As we shot like a lost boat over a cataract down into a whirlpool of white roads far below, I saw afar a black dot crawling like an insect. I looked again: I could hardly believe it. There was the slow old woman, with her slow old donkey, still toiling along the main road. I asked my friend to slacken, but when he said of the car, “She’s wanting to go,” I knew it was all up with him. For when you have called a thing female you have yielded to it utterly. We passed the old woman with a shock that must have shaken the earth: if her head did not reel and her heart quail, I know not what they were made of. And when we had fled perilously on in the gathering dark, spurning hamlets behind us, I suddenly called out, “Why, what asses we are! Why, it’s She that is brave–she and the donkey. We are safe enough; we are artillery and plate-armour: and she stands up to us with matchwood and a snail! If you had grown old in a quiet valley, and people began firing cannon-balls as big as cabs at you in your seventieth year, wouldn’t you jump–and she never moved an eyelid. Oh! we go very fast and very far, no doubt–“

As I spoke came a curious noise, and my friend, instead of going fast, began to go very slow; then he stopped; then he got out. Then he said, “And I left the Stepney behind.”

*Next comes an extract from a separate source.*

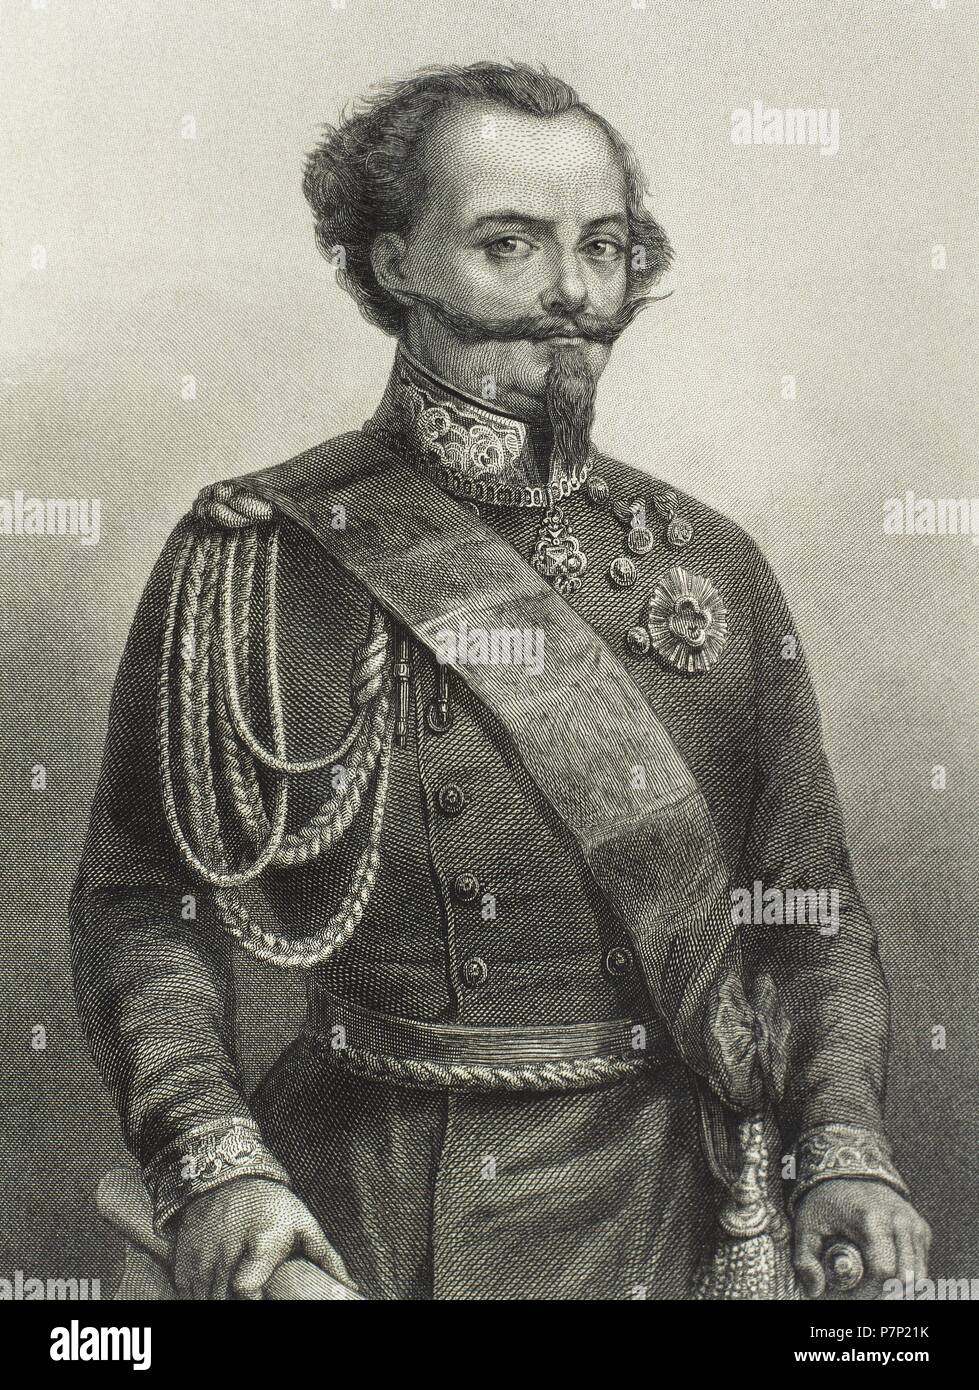 Victor Emmanuel II (1820-1878). King of Sardinia (1849-1861) and king of Italy (1861-1878). Portrait. Engraving. 'Historia Universal', 1881. Stock Photo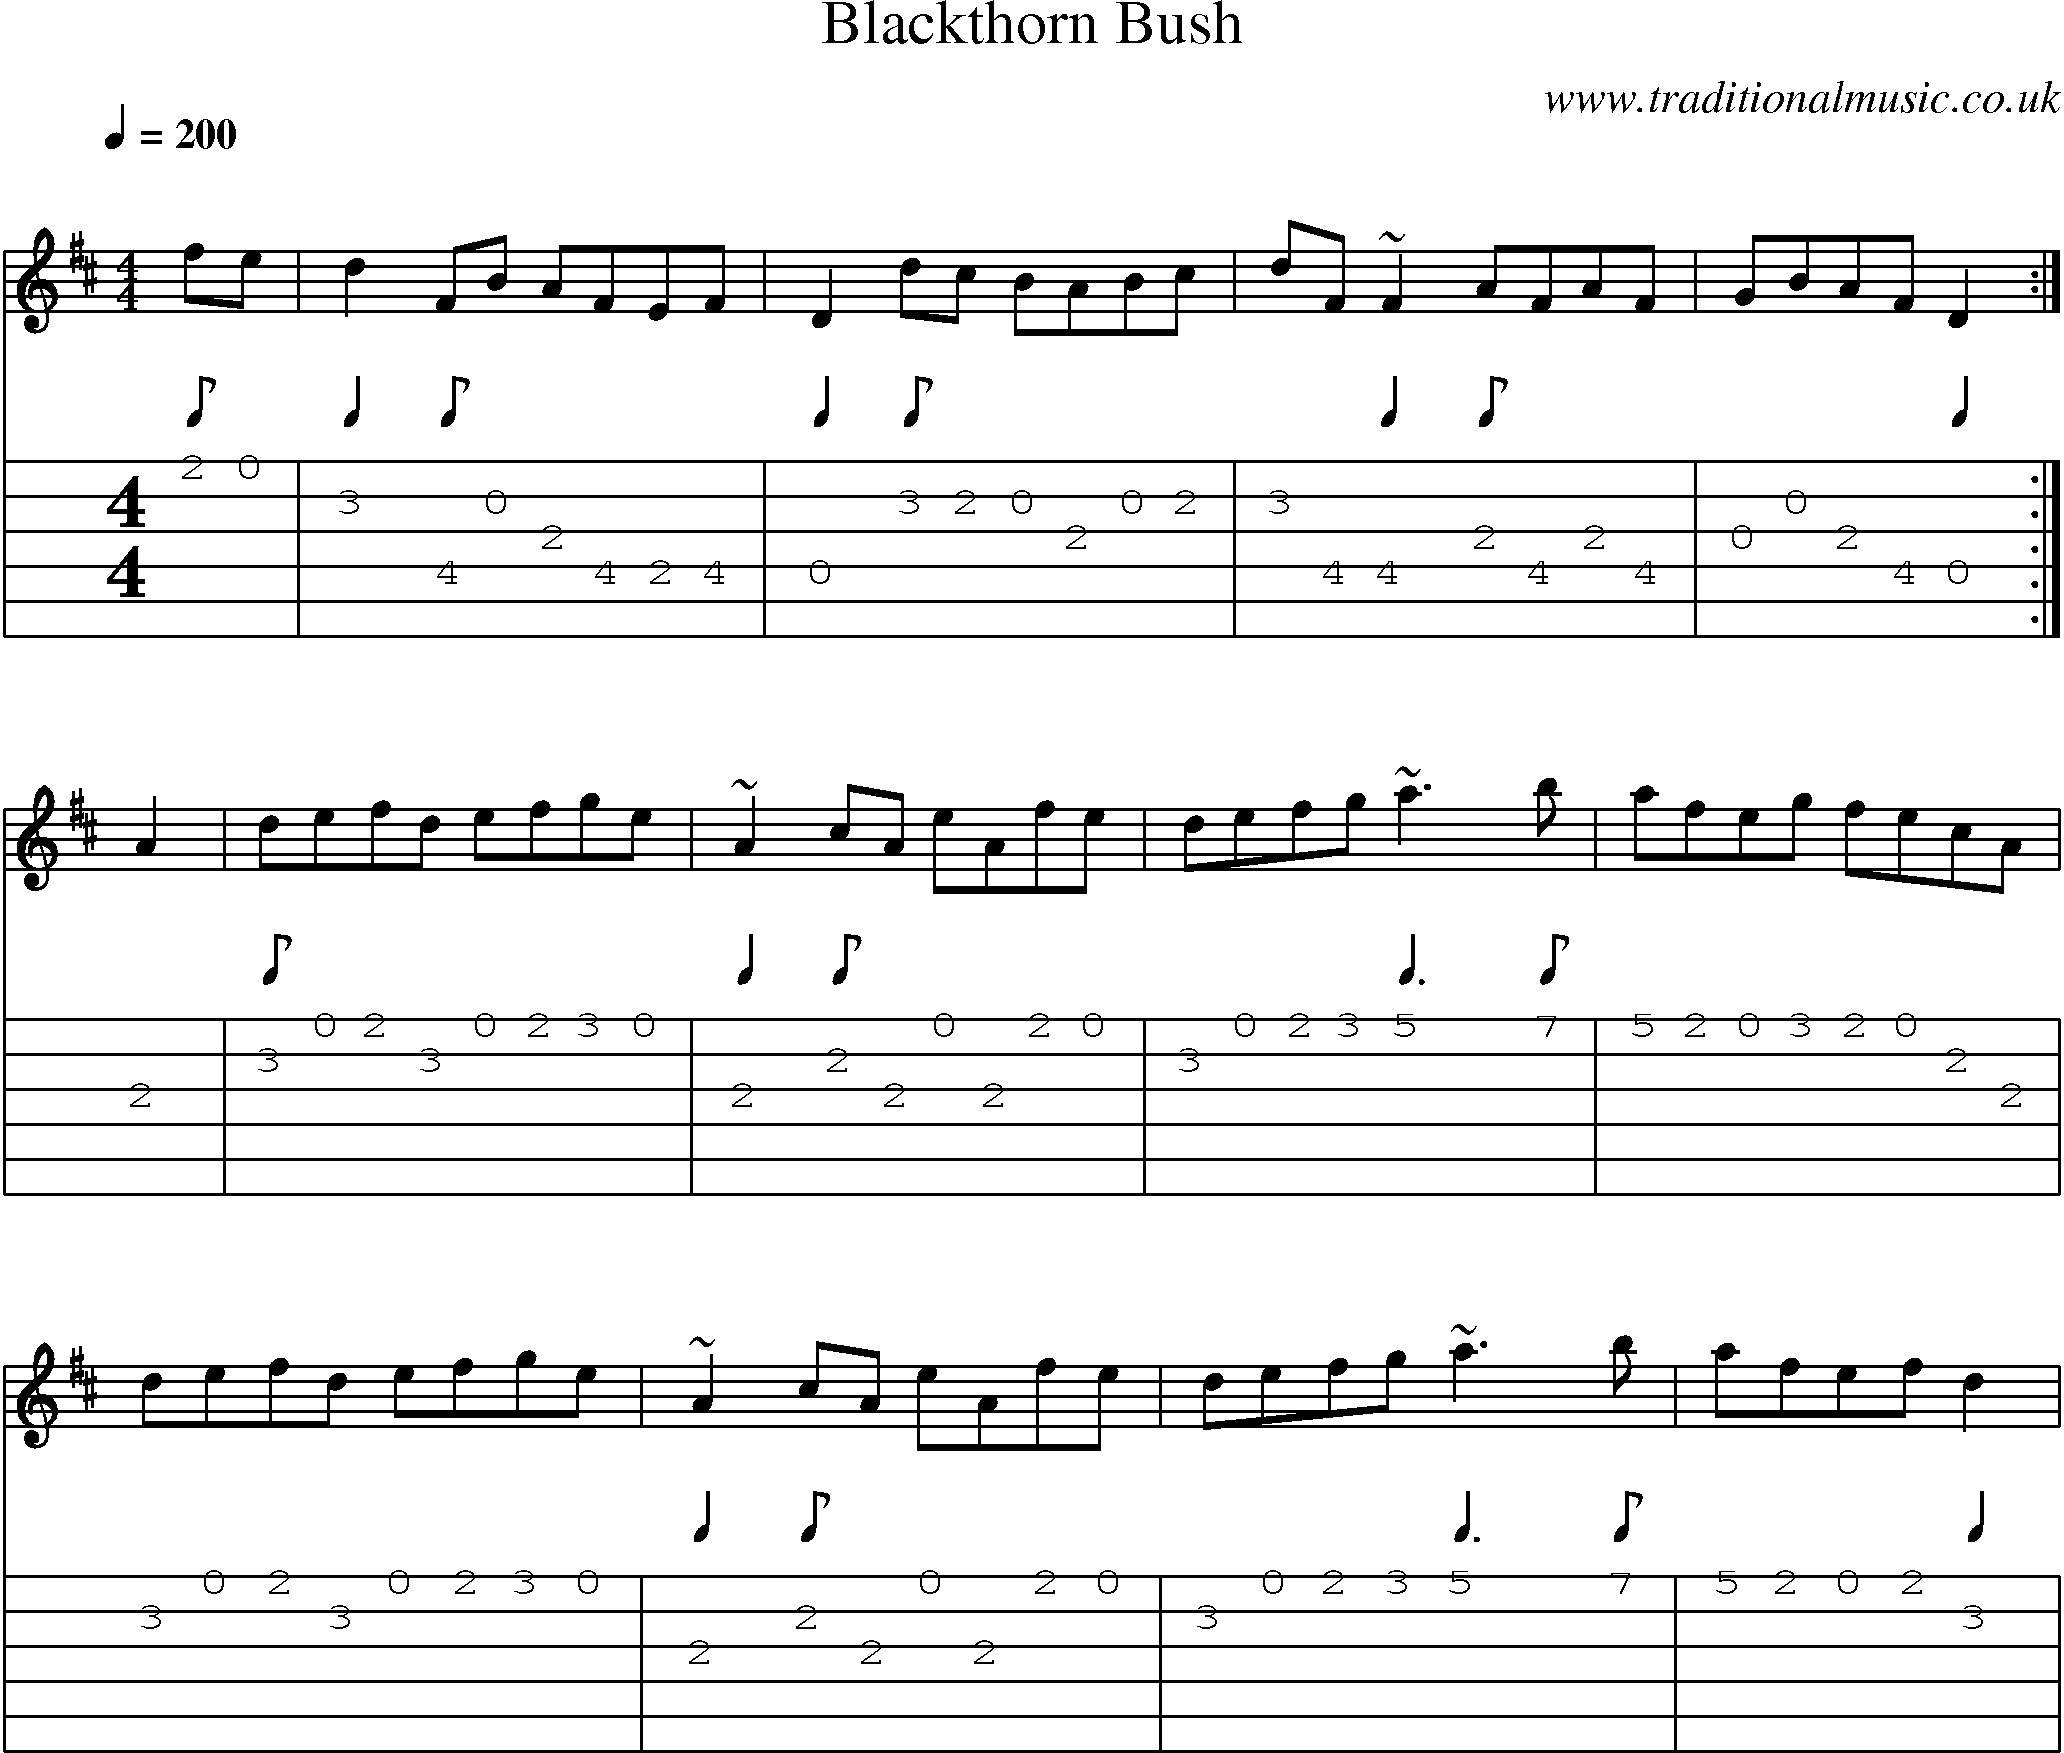 Music Score and Guitar Tabs for Blackthorn Bush

The grey moths came out of the wood and the yellow stars came out to crown it, as my friend, with the lucidity of despair, explained to me (on the soundest scientific principles, of course) that nothing would be any good at all. We must sleep the night in the lane, except in the very unlikely event of some one coming by to carry a message to some town. Twice I thought I heard some tiny sound of such approach, and it died away like wind in the trees, and the motorist was already asleep when I heard it renewed and realized. Something certainly was approaching. I ran up the road–and there it was. Yes, It–and She. Thrice had she come, once comic and once tragic and once heroic. And when she came again it was as if in pardon on a pure errand of prosaic pity and relief. I am quite serious. I do not want you to laugh. It is not the first time a donkey has been received seriously, nor one riding a donkey with respect.